Summary Points:
As 2024 comes to a close, the most characteristic feature of the investment world can be captured by the expression “American Supremacy.” In the obvious sense, this refers to an exceptionally rewarding year for the S&P 500 Index. In another, it refers to the amplification of the predominant trend of the last decade—the stunning outperformance of the largest and most dominant US technology franchises.
It is easy to imagine that the second coming of Trump will amplify today’s extraordinary premium for US risk assets. The conundrum is that American supremacy in financial markets is already overwhelming, having predominated over an entire decade. This phenomenon is hardly accidental. It has been accompanied by some of the highest levels of corporate profitability ever recorded, boosted by fiscal expansionism.
Does 2024 foretell a new wave of the future? Yet, how can this be true for a trend already so mature and acknowledged? Ironically, it is only now that the investment community is taking seriously the implications of the slogan “Make America Great Again.” The reality is that America’s financial supremacy has become massive because it has been so prolonged.1
The consensus view of the investment year ahead is rarely more than the cautious extrapolation of current trends. For this reason, the typical forecast for 2025 is positive but moderately so and implies investors can expect 10%–15% returns for the S&P 500. In our view, there are substantial reasons to ignore conventional thinking of this kind.
The first is what we have described2 as the “invincibility syndrome.” This is our description for the unusually high US equity valuations of 2024 together with similar extreme levels of investor optimism and participation in risk assets.3 This mix signals higher-than-usual investment risk and low expected long-term returns. This analysis is undisputed by the investment community.
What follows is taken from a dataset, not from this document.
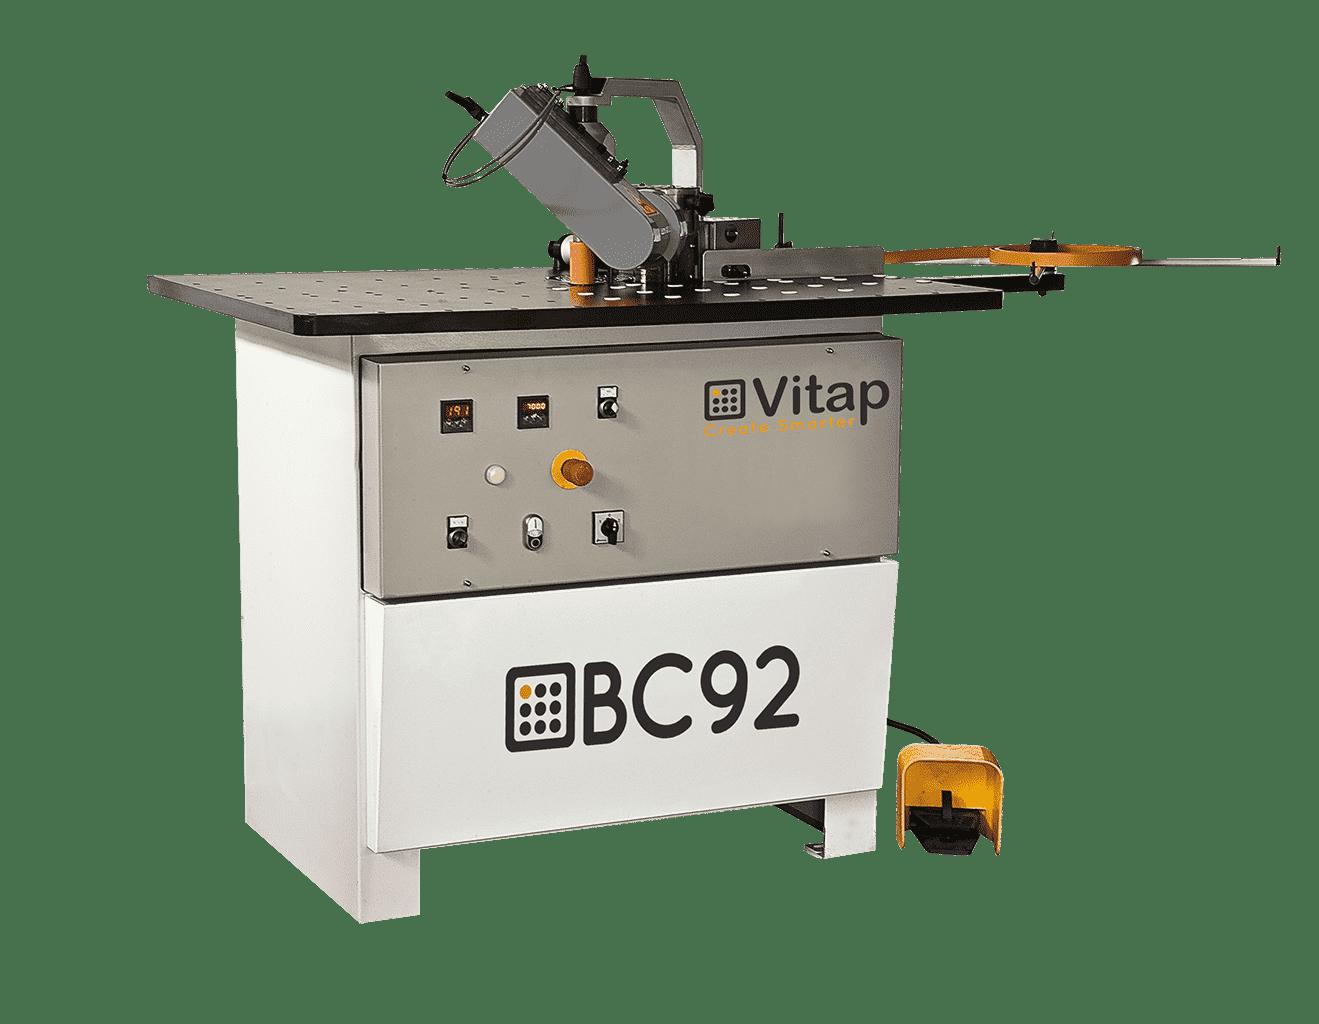 Vitap - BC92

The second reason is tactical. Reinforced by US elections, expectations for the American economy are high and to varying degrees complacent. Analysts are projecting healthy earnings growth in 2025 while the Fed is expected to reduce its policy rate by another 50–100 bps. A combination of this variety is rare, if not unique. Embedded optimism of this kind implies the “soft landing” has been discounted.
Neither of these are good starting points for equity values. The excess returns generated by US benchmarks over the last two years have been driven by substantially positive macroeconomic surprises, especially for growth but also for inflation. In light of current optimism, extending the surprises through 2025 will be difficult.
But there is another obstacle: political ambiguity. The sense of energy and ambition attached to the emerging Trump Administration is undeniable and conspicuous by its absence anywhere else in the developed world. And yet, the enigma of Trump remains. Will he prove a radical revisionist or opportunist provocateur?
It is rarely difficult to argue that circumstances are more favorable than in the past, especially with respect to corporate profitability. For this reason, valuation concerns should be combined with considerations of investor sentiment and positioning. The alignment of these perspectives, which was apparent in 1999–2000, have come together again today.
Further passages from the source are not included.